Le petit prince s’en fut revoir les roses.
- Vous n’êtes pas du tout semblables à ma rose, vous n’êtes rien encore, leur dit-il. Personne ne vous a apprivoisées et vous n’avez apprivoisé personne. Vous êtes comme était mon renard. Ce n’était qu’un renard semblable à cent mille autres. Mais j’en ai fait mon ami, et il est maintenant unique au monde.
Et les roses étaient gênées.
- Vous êtes belles, mais vous êtes vides, leur dit-il encore. on ne peut pas mourir pour vous. Bien sûr, ma rose à moi, un passant ordinaire croirait qu’ elle vous ressemble. Mais à elle seule elle est plus importante que vous toutes, puisque c’est elle que j’ai arrosée. Puisque c’est elle que j’ai mise sous globe. Puisque c’est elle que j’ai abritée par le paravent. Puisque c’est elle dont j’ai tué les chenilles (sauf les deux ou trois pour
les papillons). Puisque c’est elle que j’ai écoutée se plaindre, ou se vanter, ou même quelquefois se taire. Puisque c’ est ma rose.
Et il revint vers le renard:
-Adieu, dit-il...
-Adieu, dit le renard. Voici mon secret. Il est très simple: on ne voit bien qu’avec le cœur. L’essentiel est invisible pour les yeux.
-L’essentiel est invisible pour les yeux, répéta le petit prince, afin de se souvenir.
-C’est le temps que tu as perdu pour ta rose qui fait ta rose si importante.

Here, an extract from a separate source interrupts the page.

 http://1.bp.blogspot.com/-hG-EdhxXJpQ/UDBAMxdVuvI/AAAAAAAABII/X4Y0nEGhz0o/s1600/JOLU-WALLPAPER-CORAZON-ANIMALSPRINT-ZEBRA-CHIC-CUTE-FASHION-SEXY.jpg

-C’est le temps que j’ai perdu pour ma rose... dit le petit prince, afin de se souvenir.
-Les hommes ont oublié cette vérité, dit le renard. Mais tu ne dois pas l’oublier. Tu deviens responsable pour toujours de ce que tu as apprivoisé. Tu es responsable de ta rose...
-Je suis responsable de ma rose... répéta le petit prince, afin de se souvenir.